MATERIAL FOR THIS EXERCISE –
:::
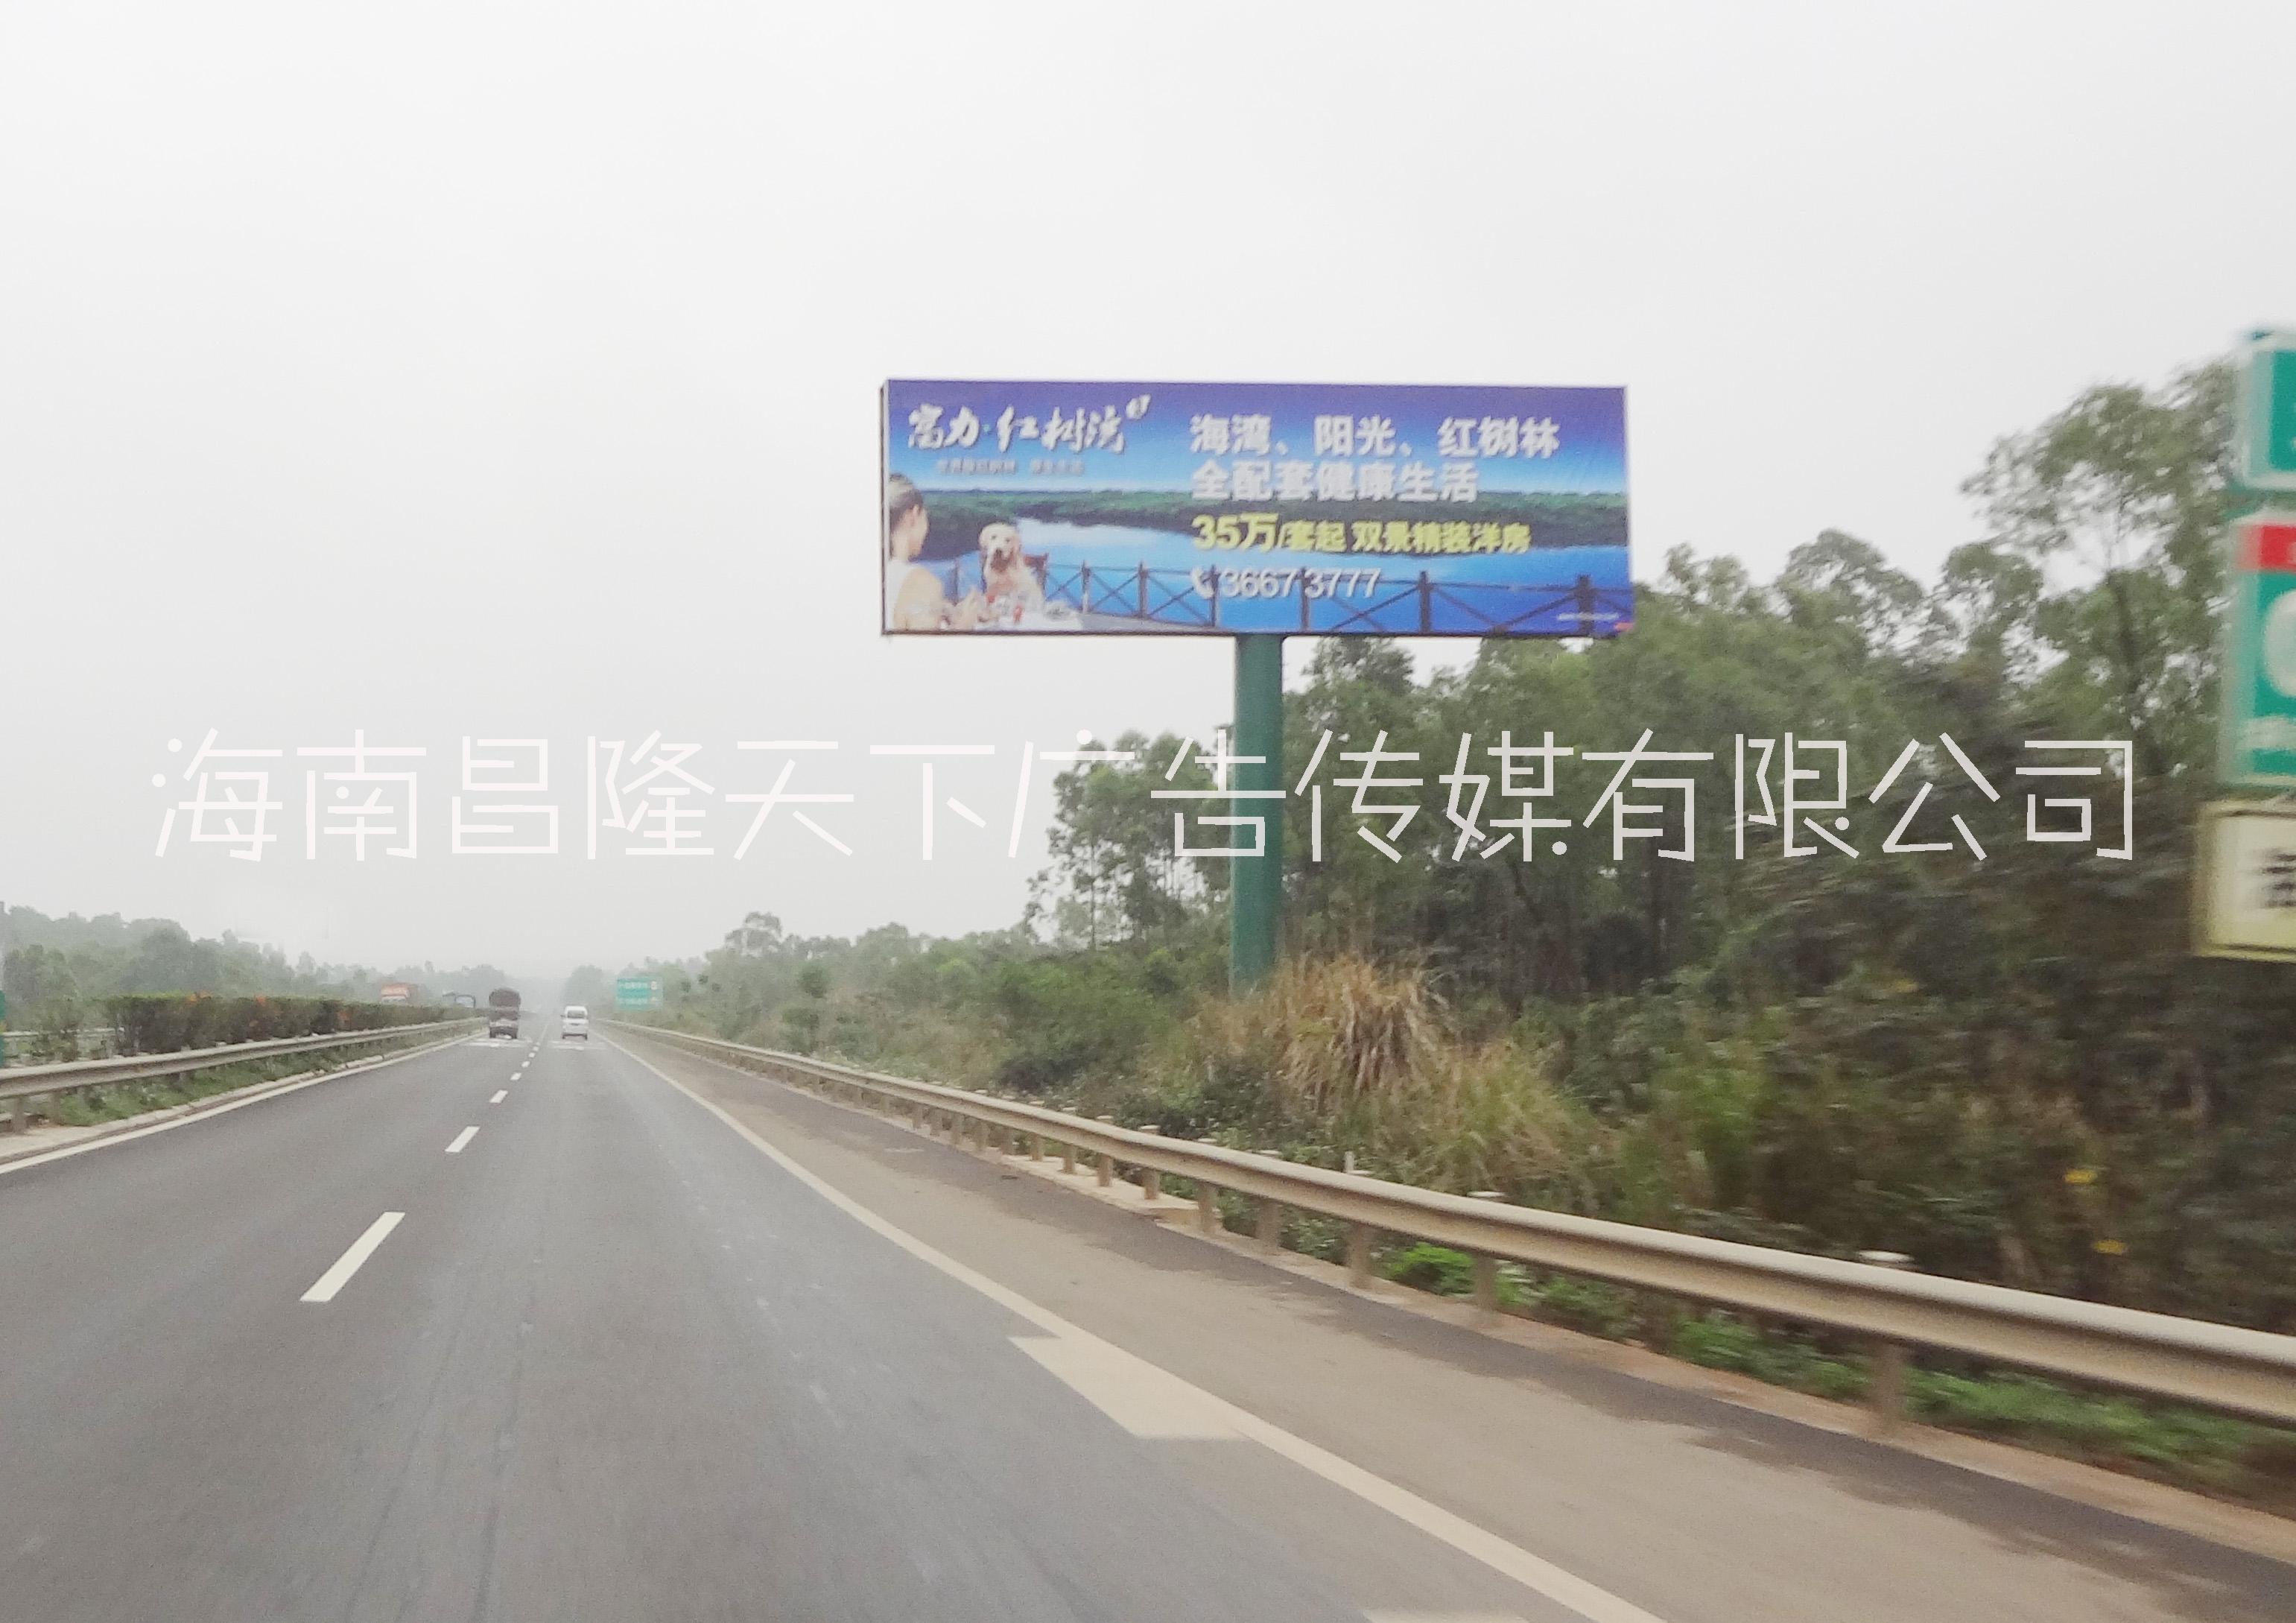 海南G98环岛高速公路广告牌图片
:::
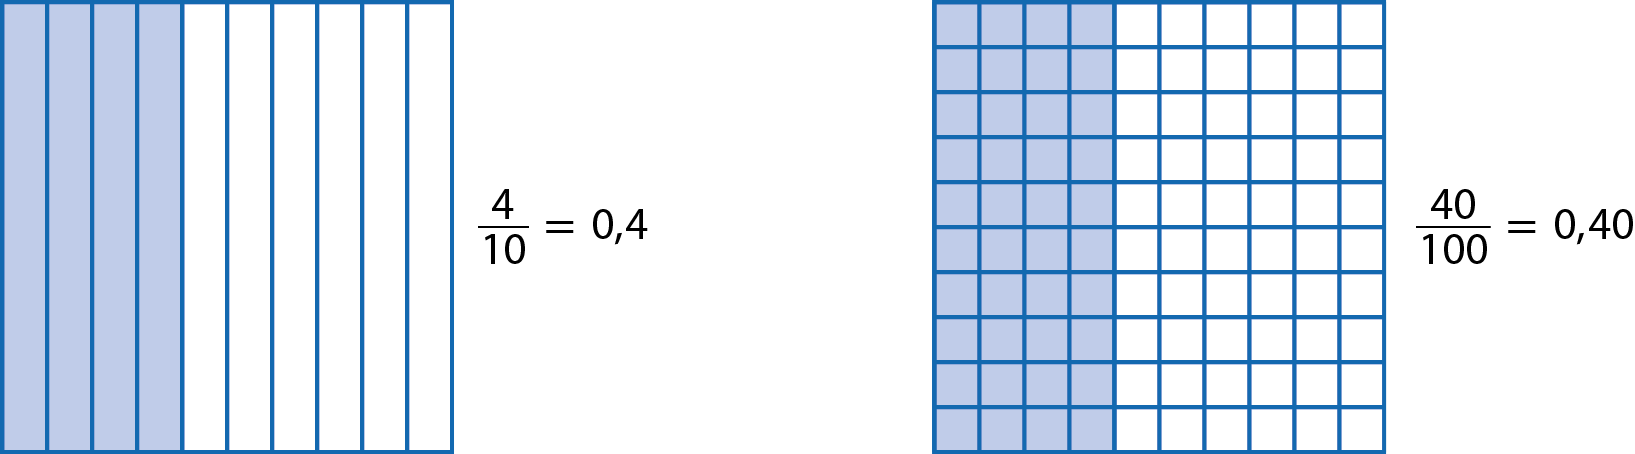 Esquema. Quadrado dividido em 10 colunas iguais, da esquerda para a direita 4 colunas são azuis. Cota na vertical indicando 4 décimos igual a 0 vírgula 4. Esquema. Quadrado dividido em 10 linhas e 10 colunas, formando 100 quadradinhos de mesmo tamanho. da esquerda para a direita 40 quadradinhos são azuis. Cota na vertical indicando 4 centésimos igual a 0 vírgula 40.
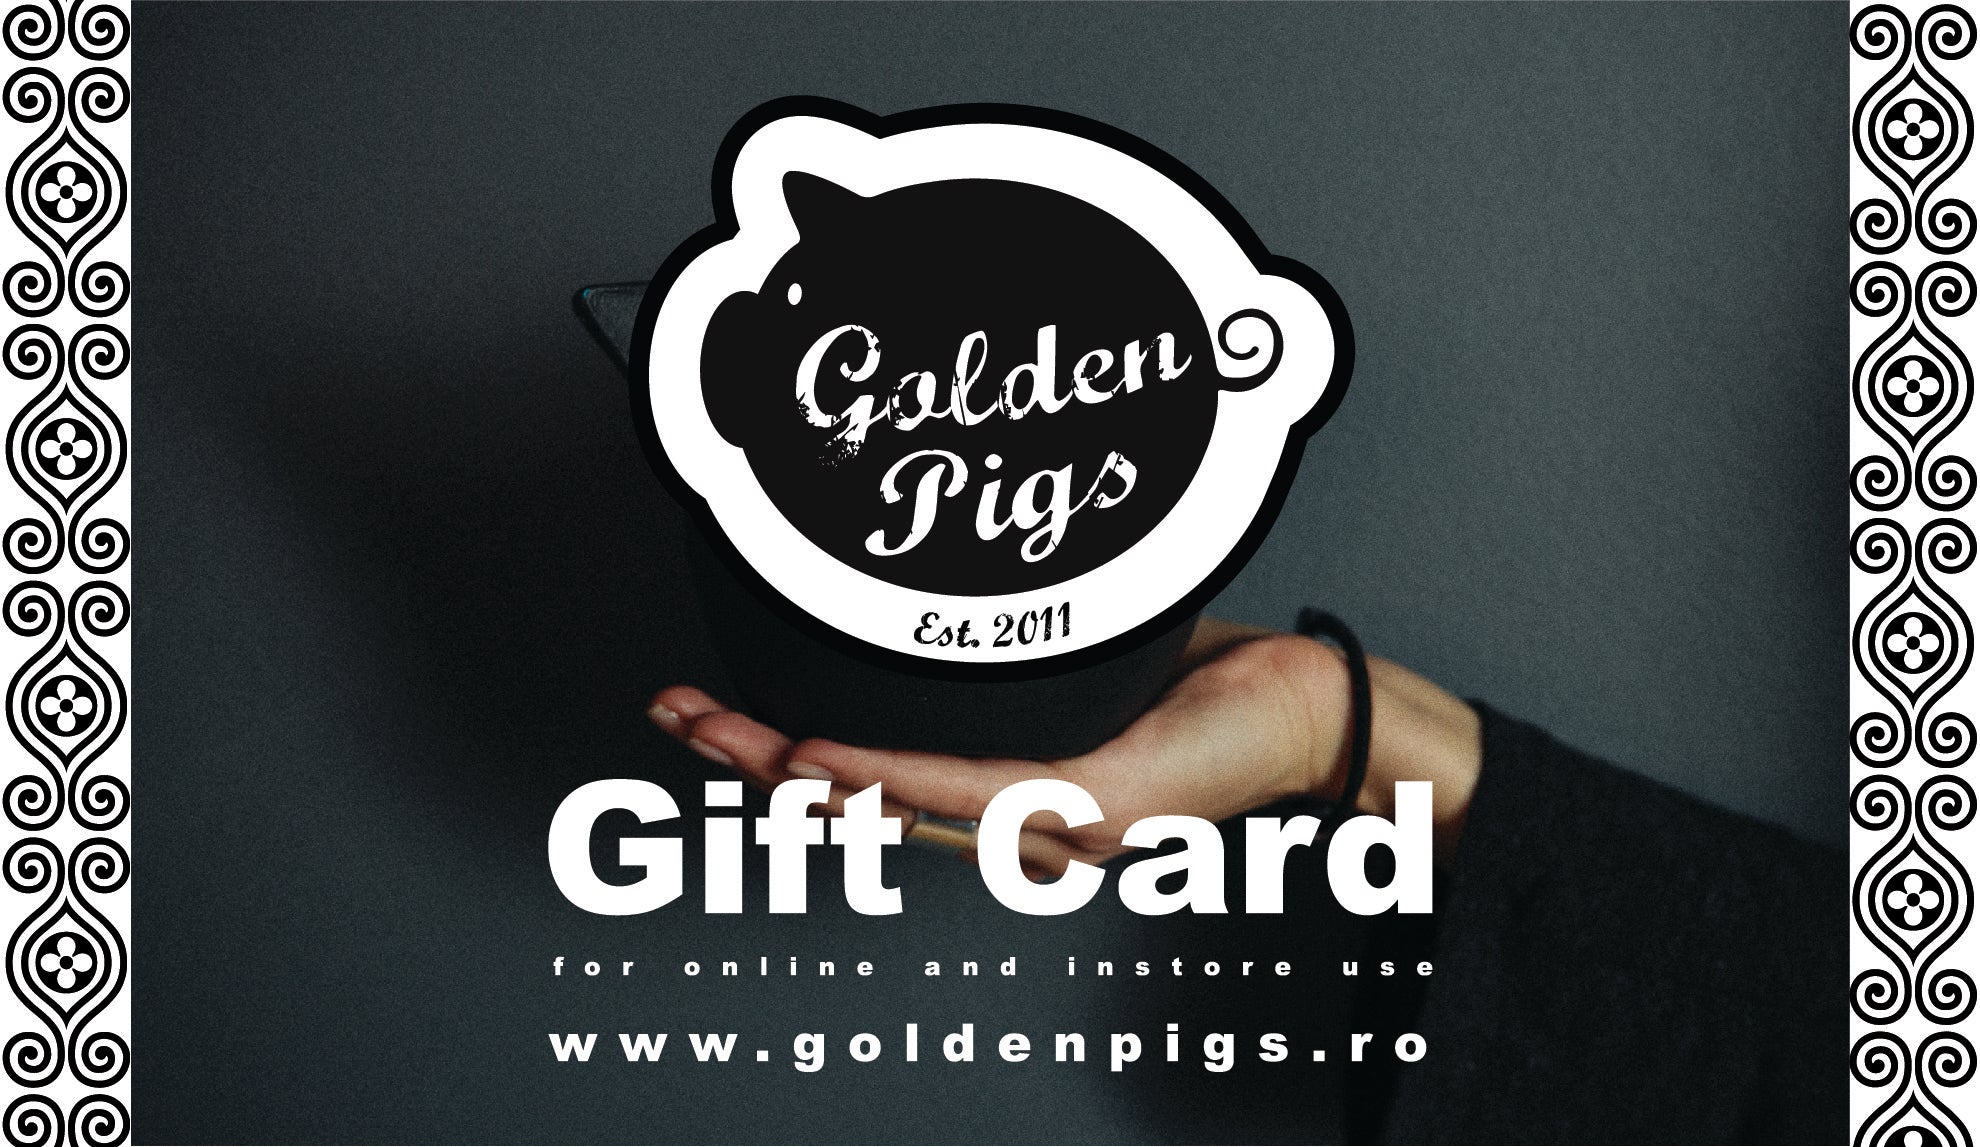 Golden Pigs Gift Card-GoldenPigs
:::
HOW TO COMPLETE THIS TASK – Without the pictures, set down the lines above from the line with "Esquema. Quadrado dividido em 10 colunas" up to and including the line with "Golden Pigs Gift Card-GoldenPigs" exactly as they stand.

SOLUTION TO THIS EXERCISE –
 Esquema. Quadrado dividido em 10 colunas iguais, da esquerda para a direita 4 colunas são azuis. Cota na vertical indicando 4 décimos igual a 0 vírgula 4. Esquema. Quadrado dividido em 10 linhas e 10 colunas, formando 100 quadradinhos de mesmo tamanho. da esquerda para a direita 40 quadradinhos são azuis. Cota na vertical indicando 4 centésimos igual a 0 vírgula 40.
 Golden Pigs Gift Card-GoldenPigs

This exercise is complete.